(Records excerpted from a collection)
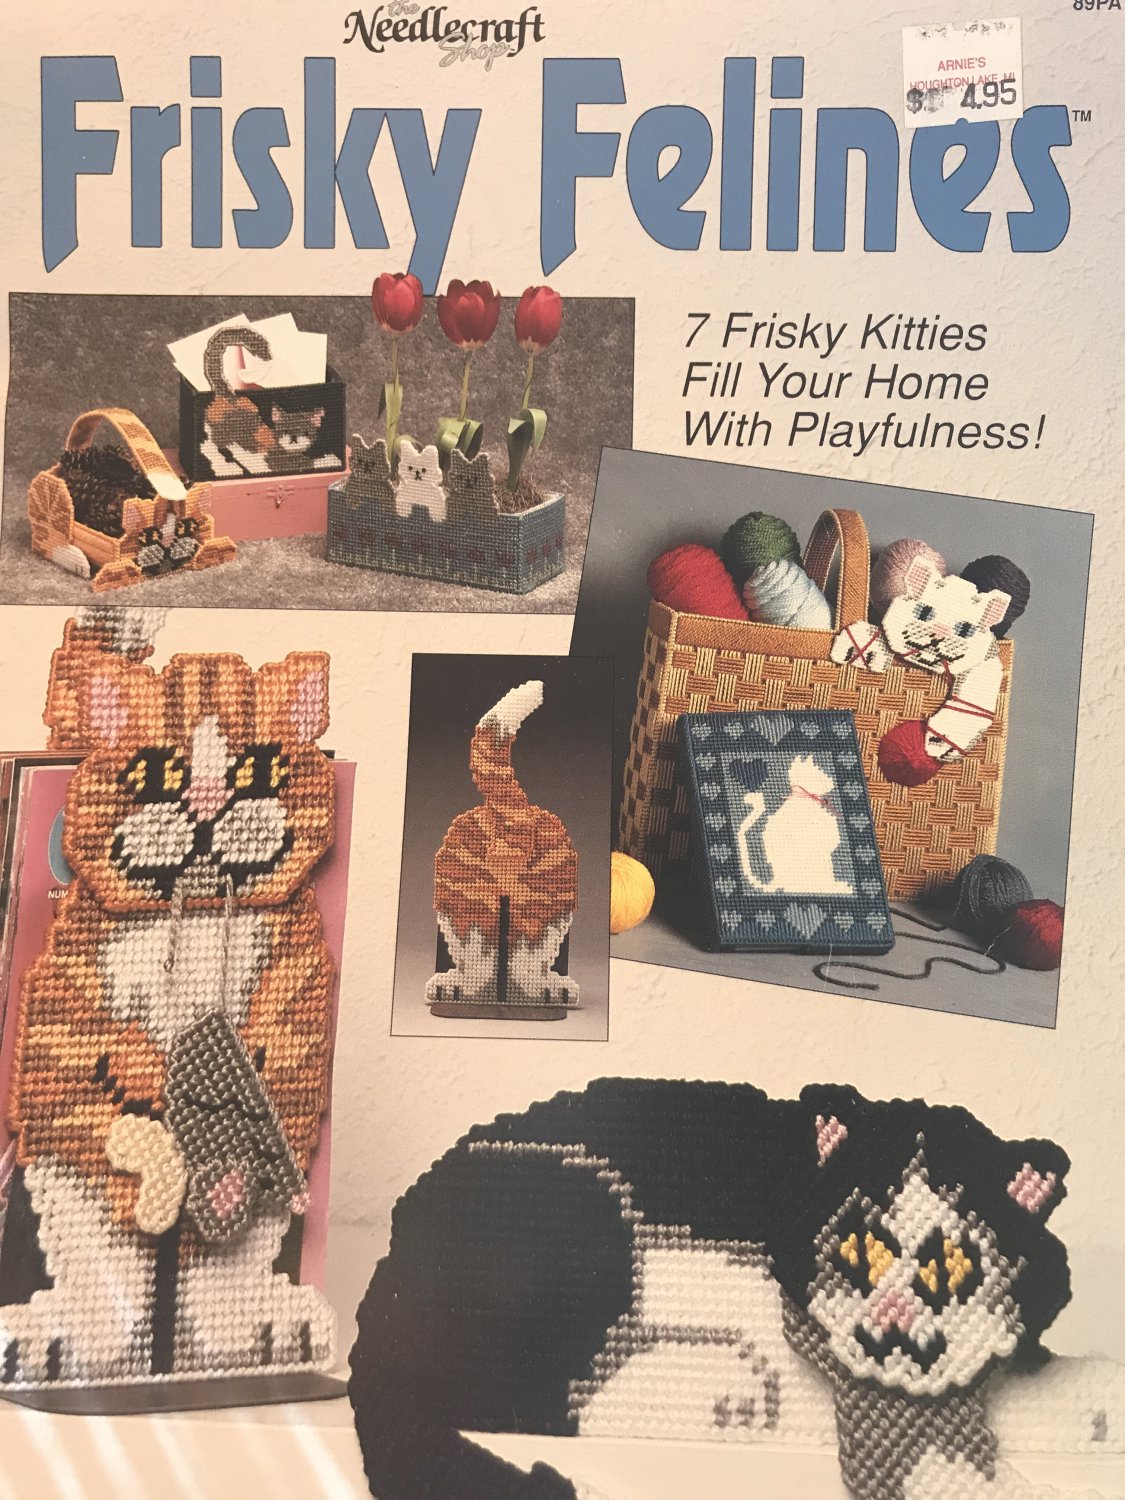 Frisky Felines Plastic Canvas The Needlecraft Shop 89PA1
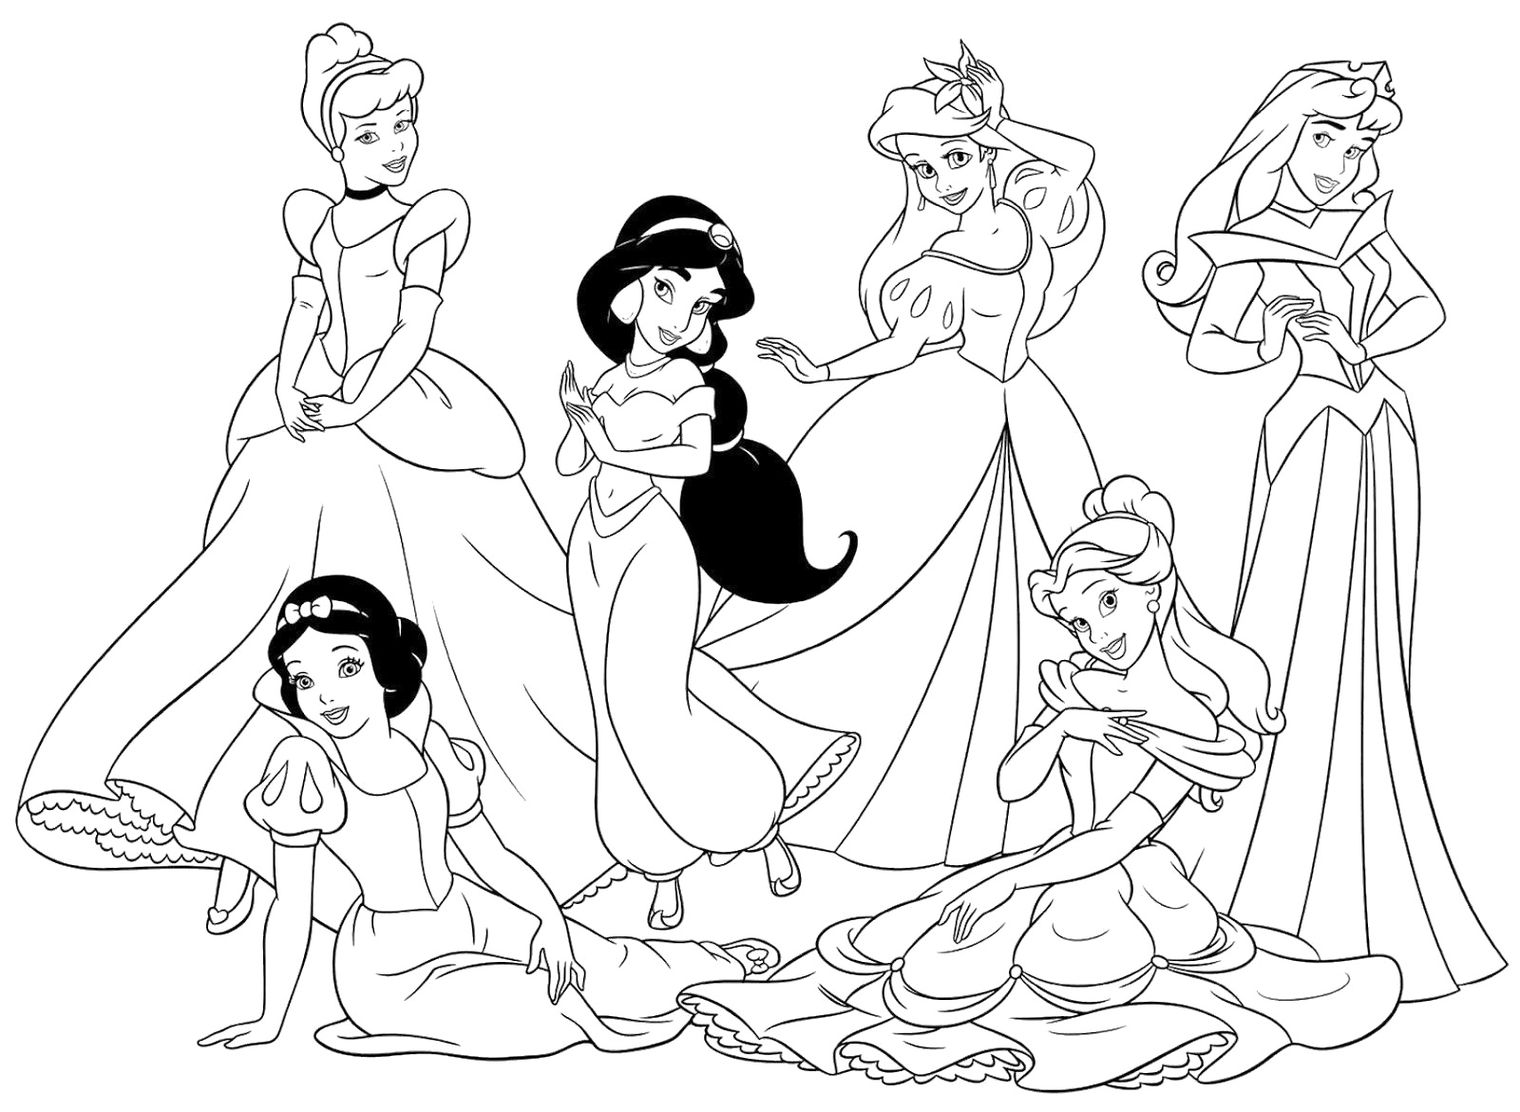 Princesas para colorir - Desenhos Imprimir
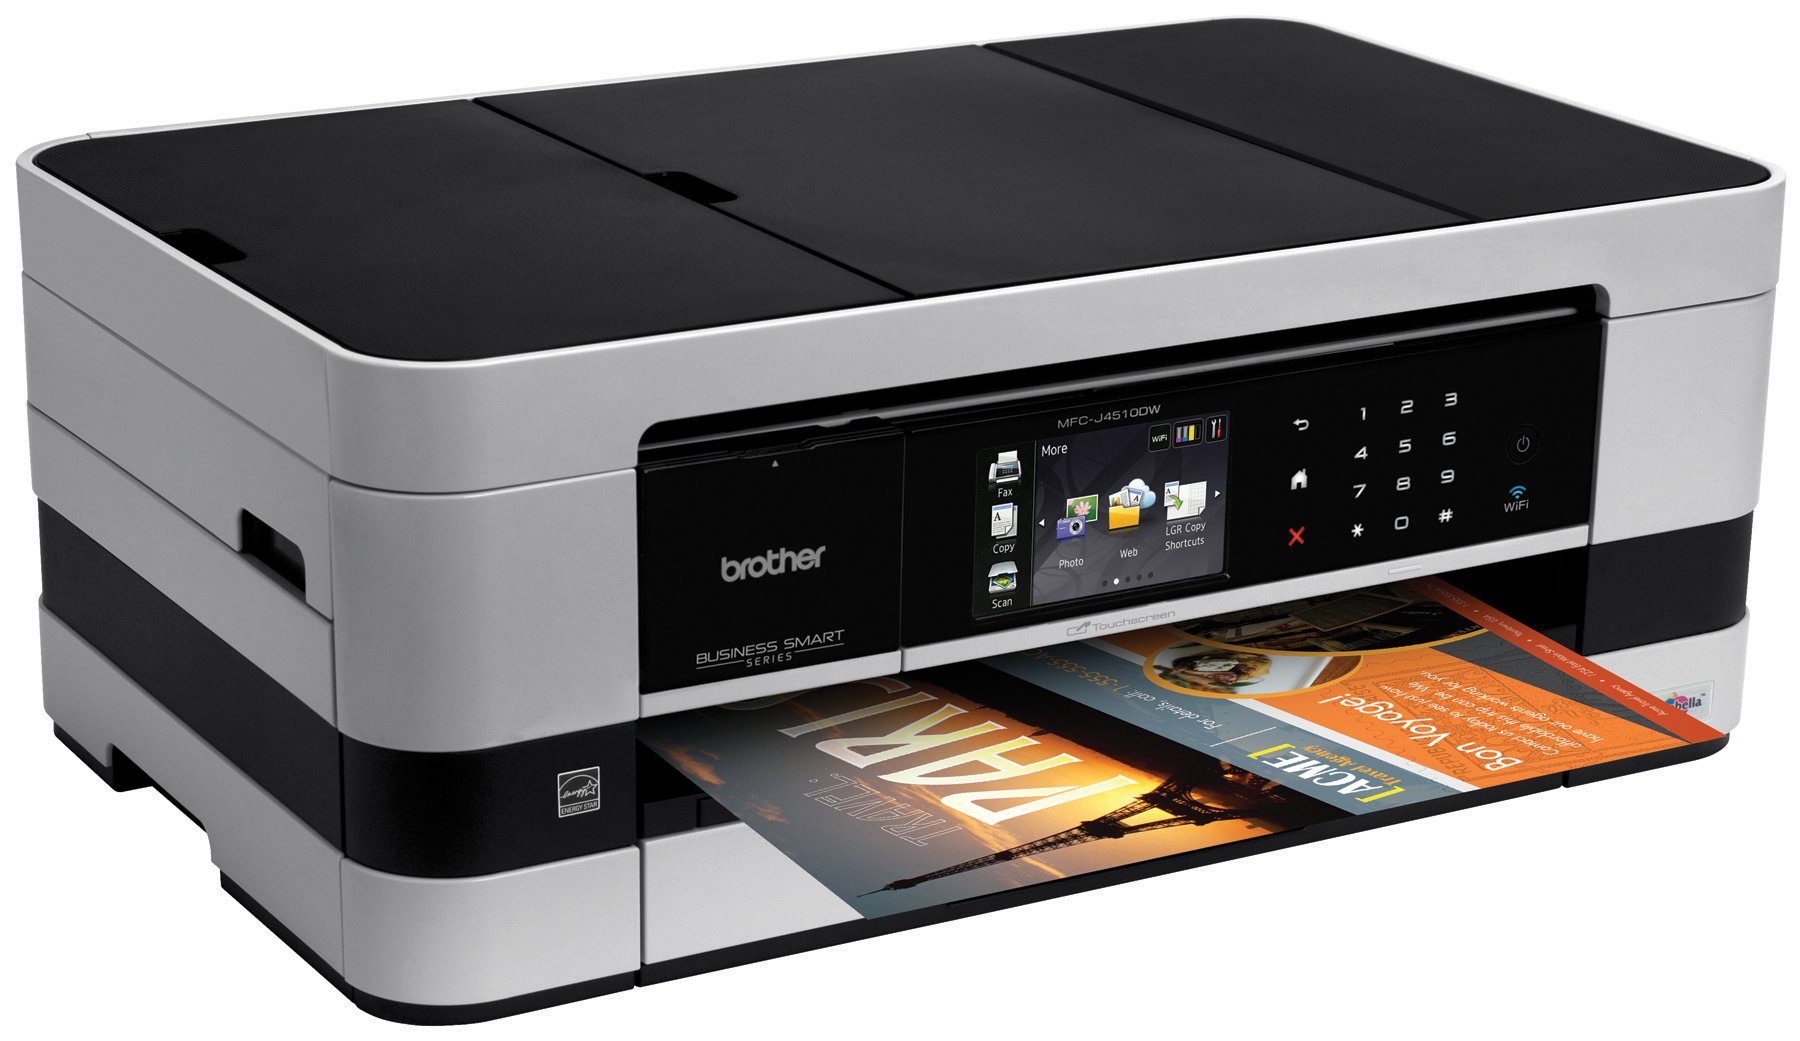 Brother Printer MFCJ4510DW Wireless Color Photo Printer with Scanner, Copier and Fax, Amazon Dash Replenishment Ready
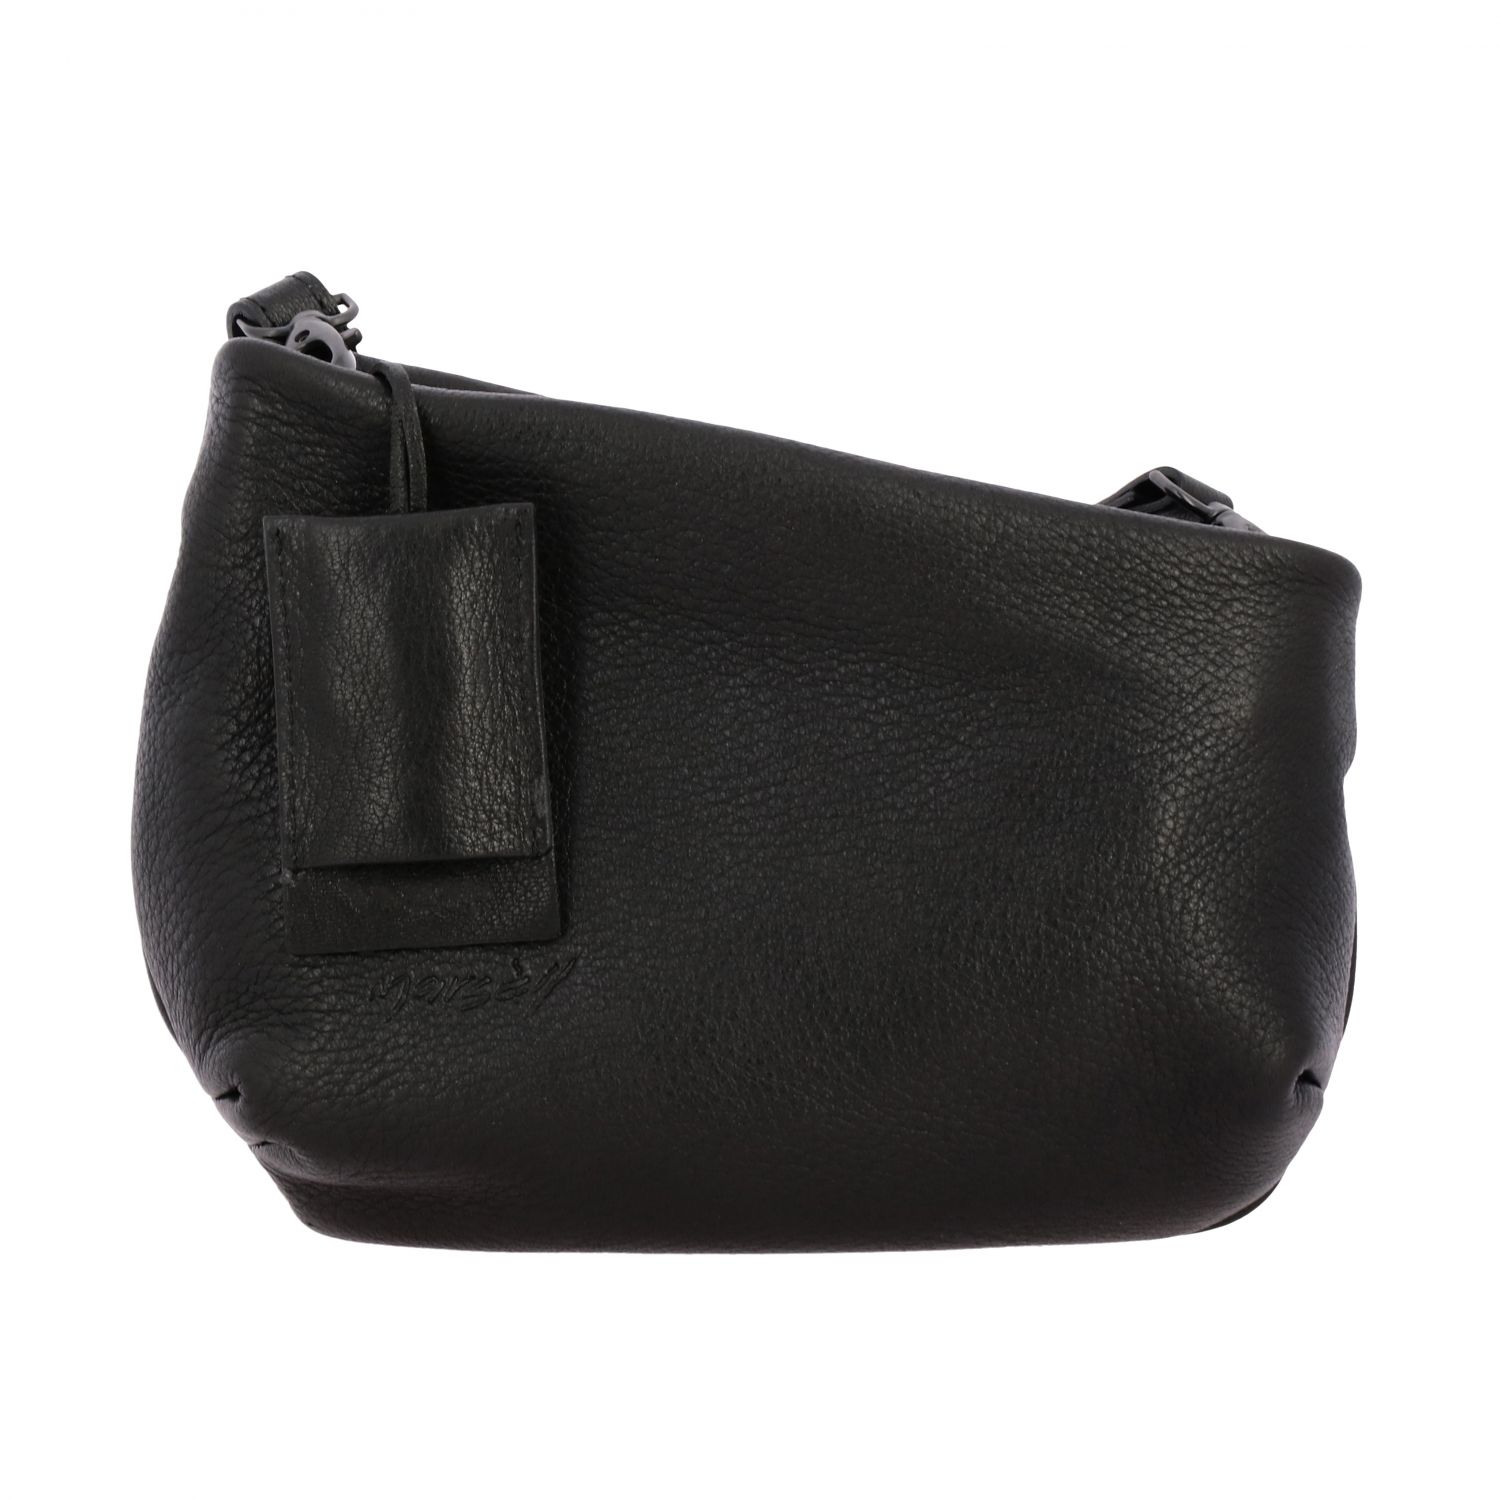 MARSÈLL: Fantasmino shoulder bag in deer leather - Black | Marsèll mini ...
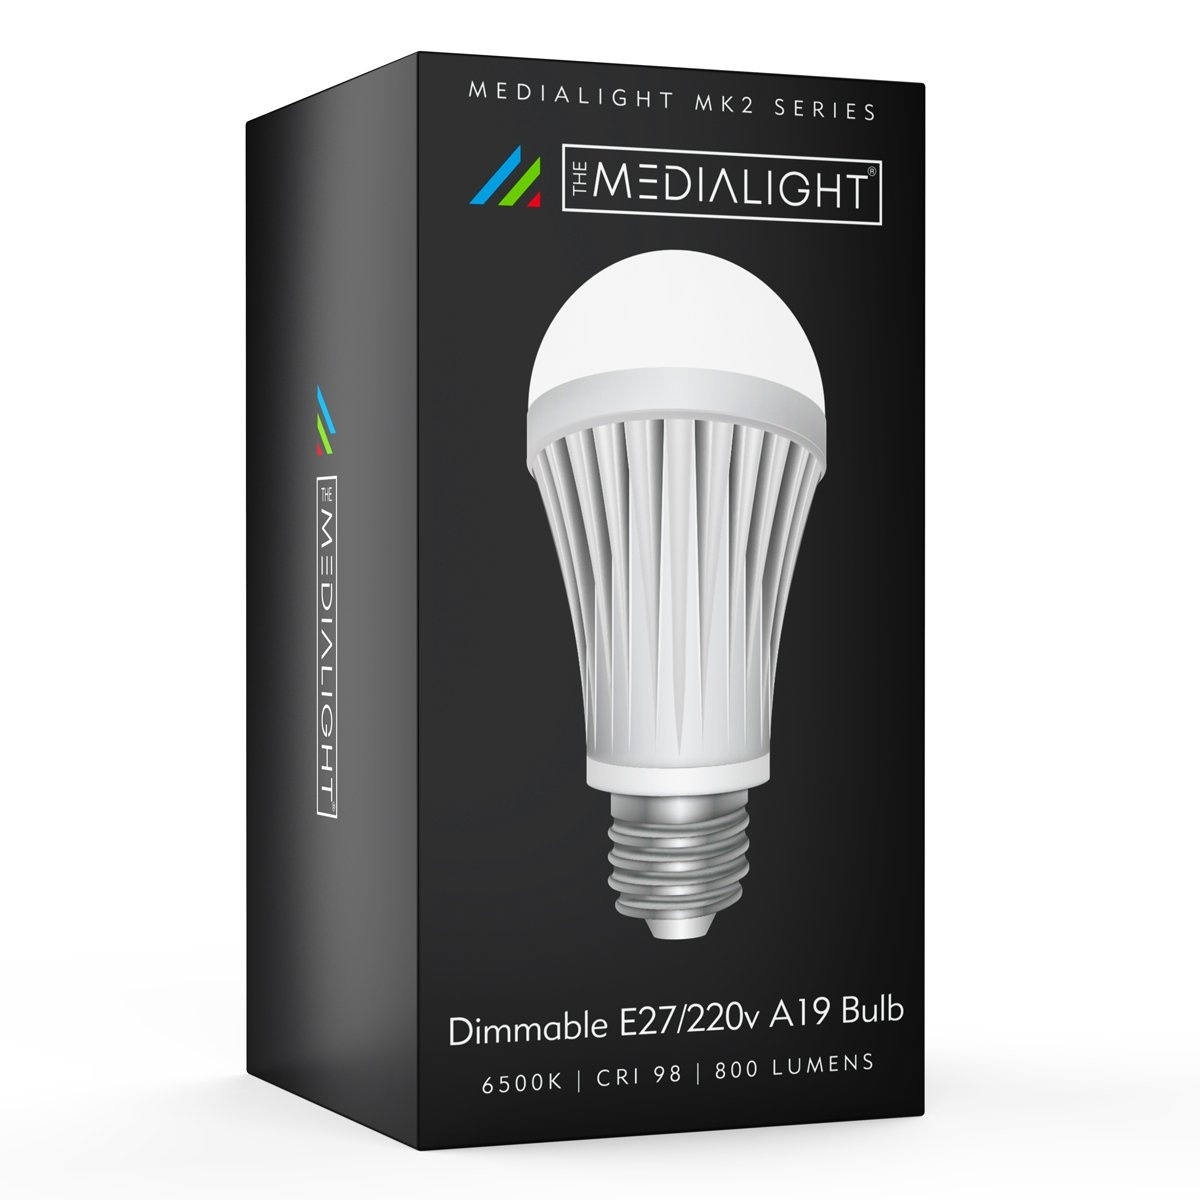 MediaLight Mk2 Dimmable A19 Light Bulb (E27)

§ Your assignment: Repeat each record verbatim, pictures excluded.

§ Expected answer:
 Frisky Felines Plastic Canvas The Needlecraft Shop 89PA1
 Princesas para colorir - Desenhos Imprimir
 Brother Printer MFCJ4510DW Wireless Color Photo Printer with Scanner, Copier and Fax, Amazon Dash Replenishment Ready
 MARSÈLL: Fantasmino shoulder bag in deer leather - Black | Marsèll mini ...
 MediaLight Mk2 Dimmable A19 Light Bulb (E27)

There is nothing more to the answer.